I'm mechanically inclined enough to pull the carb and rebuild it, but I'm also inclined to take the 'if it ain't broke don't fix it' attitude for now. But I don't want to do something stupid and make it worse by ignoring a relatively simple maintenance item now, only to do a more expensive repair later.
 
There's really no great way to tell whats up, you just have to go through it all, as an earlier poster said.

I've had saws that ran terrific one day after a piston change and carb kit and wouldn't take the throttle a week later. My opinion is that the saw had sat for a while before I got to it and fresh fuel in the carb broke free some deposits. An ultrasonic cleaning of the carb fixed my problem. I do believe these things CAN have transient issues... like kidney stones... and them be ok.

If it's running fine for you, I'd keep running it and be alert for any other issues. If it begins to run oddly for you, the manner in which it does will be good clues as to the issue.
 
If it's running fine for you, I'd keep running it and be alert for any other issues. If it begins to run oddly for you, the manner in which it does will be good clues as to the issue.

That's my plan. With mechanical devices, especially older ones with unknown history, Murphy's Law is of primary concern. I will wait until it doesn't work right, so that it demands attention. If I tinker with minor issues, and create even bigger problems in the process, then I'll feel pretty stupid for not just leaving it alone.

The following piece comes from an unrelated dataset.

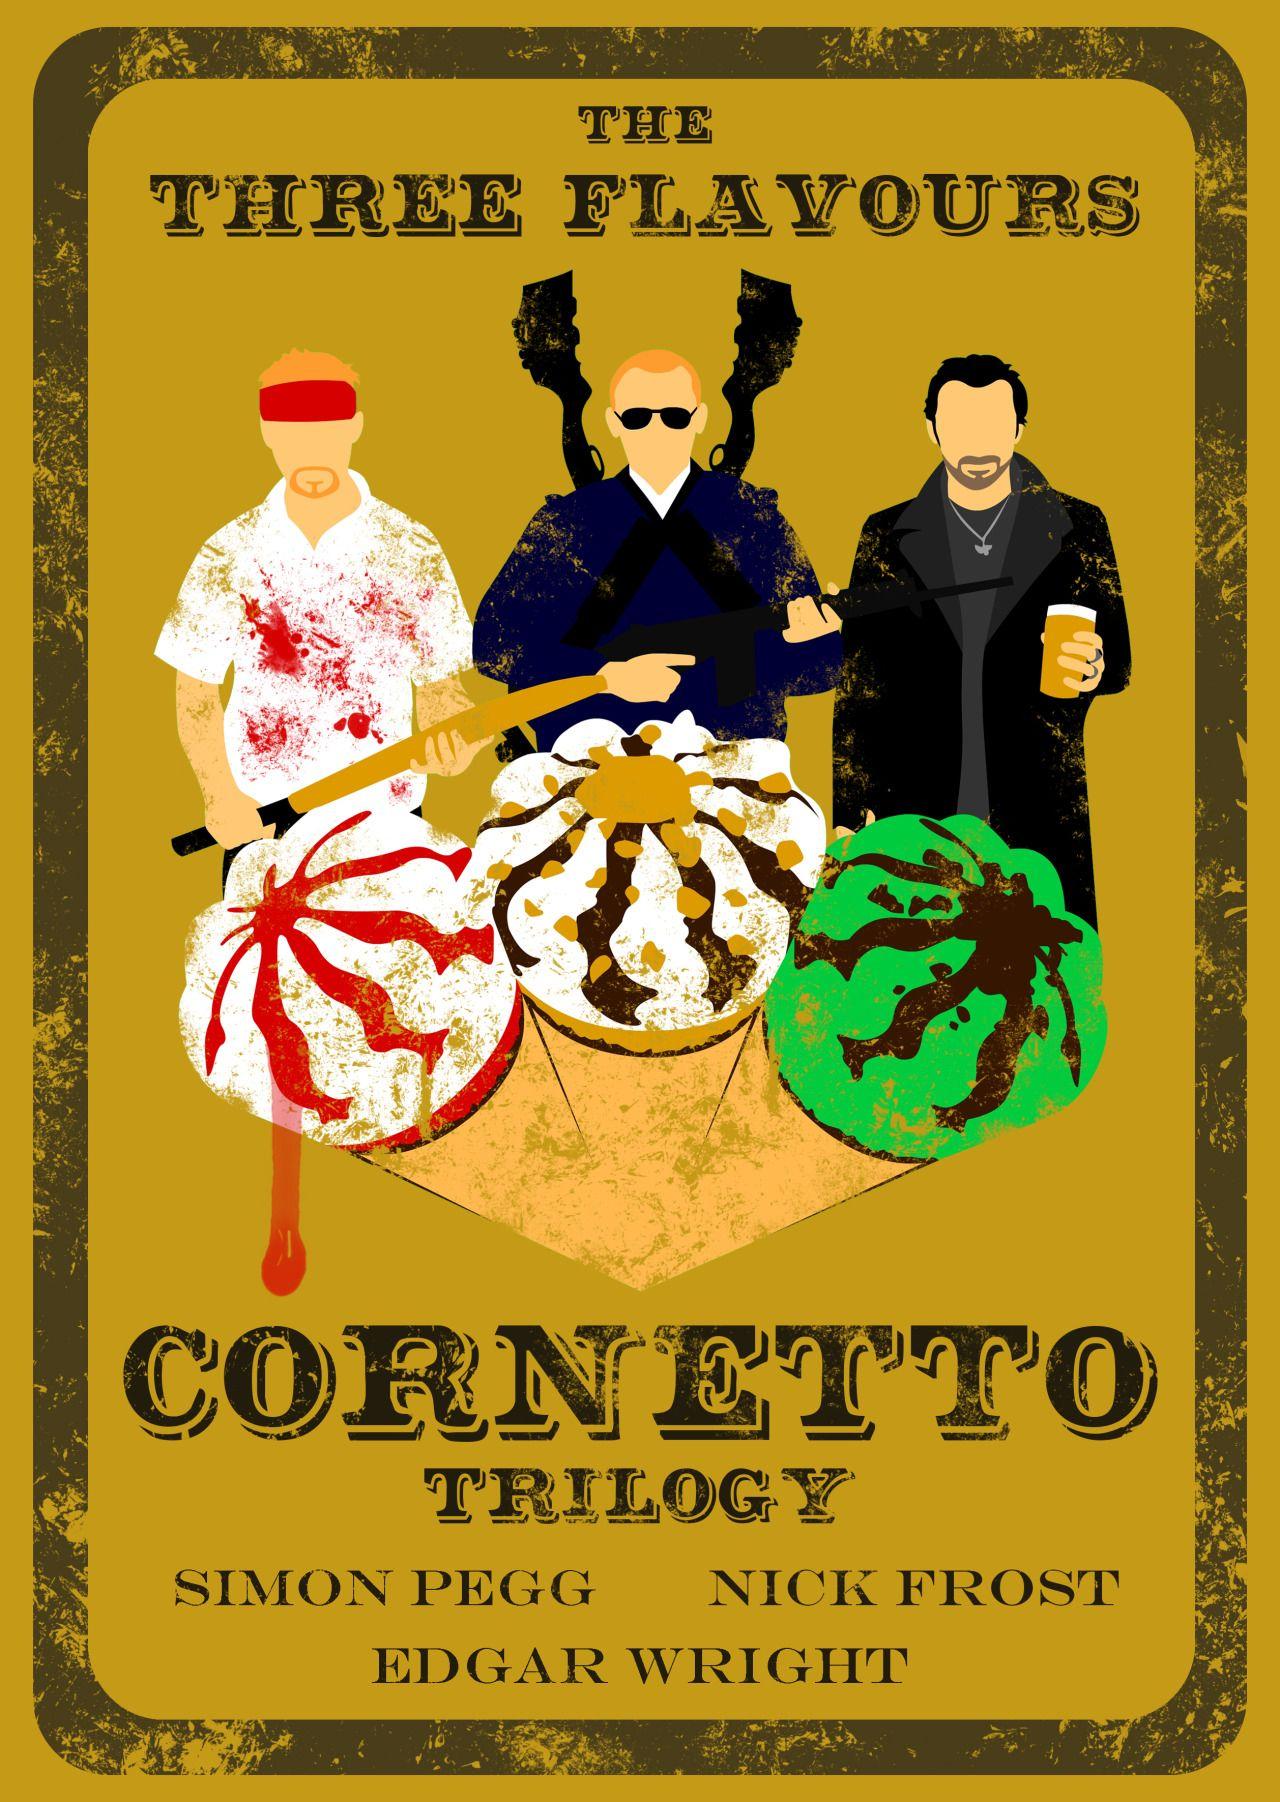 The Cornetto Trilogy The World S End Photo Trilogy Simon Pegg Film Music Books

The other part of that plan is I bought a used one because I just didn't like the idea of spending $500 on a trimmer that I'd use once a month. But it wasn't because I couldn't afford $500, just that I felt more justified spending $200 considering the intermittent use. What I'll like even less is owning a used one that eventually costs close to $500 after I get done removing 'warts'.
 
That's my plan. With mechanical devices, especially older ones with unknown history, Murphy's Law is of primary concern. I will wait until it doesn't work right, so that it demands attention. If I tinker with minor issues, and create even bigger problems in the process, then I'll feel pretty stupid for not just leaving it alone.

The other part of that plan is I bought a used one because I just didn't like the idea of spending $500 on a trimmer that I'd use once a month. But it wasn't because I couldn't afford $500, just that I felt more justified spending $200 considering the intermittent use. What I'll like even less is owning a used one that eventually costs close to $500 after I get done removing 'warts'.

Plus all the labor and aggravation you'd put in it.
 
update, problem appears to be solved

bought a carb rebuild kit and that seemed to fix the problem. Starts and idles much better now, and has held setting for a couple of days. I'll keep checking it for a week or two and hopefully it will hold these settings and I can call this done.

thanks to all for the help.
 
which zama series carb do you have on it, my 250 has the self regulating "intelli-carb" and I would like to replace it with a fully adjustable carb.
 
which zama series carb do you have on it, my 250 has the self regulating "intelli-carb" and I would like to replace it with a fully adjustable carb.

Mine had the C1Q-S83, which is one of three different versions I've seen associated with the FS250. (You did notice that I'm talking about an FS250R trimmer, not a MS250 chainsaw, right?)

How old is yours? I took a look at a new one at the local shop and it still had all three adjustment screws, even here in EPA/CARB controlled California.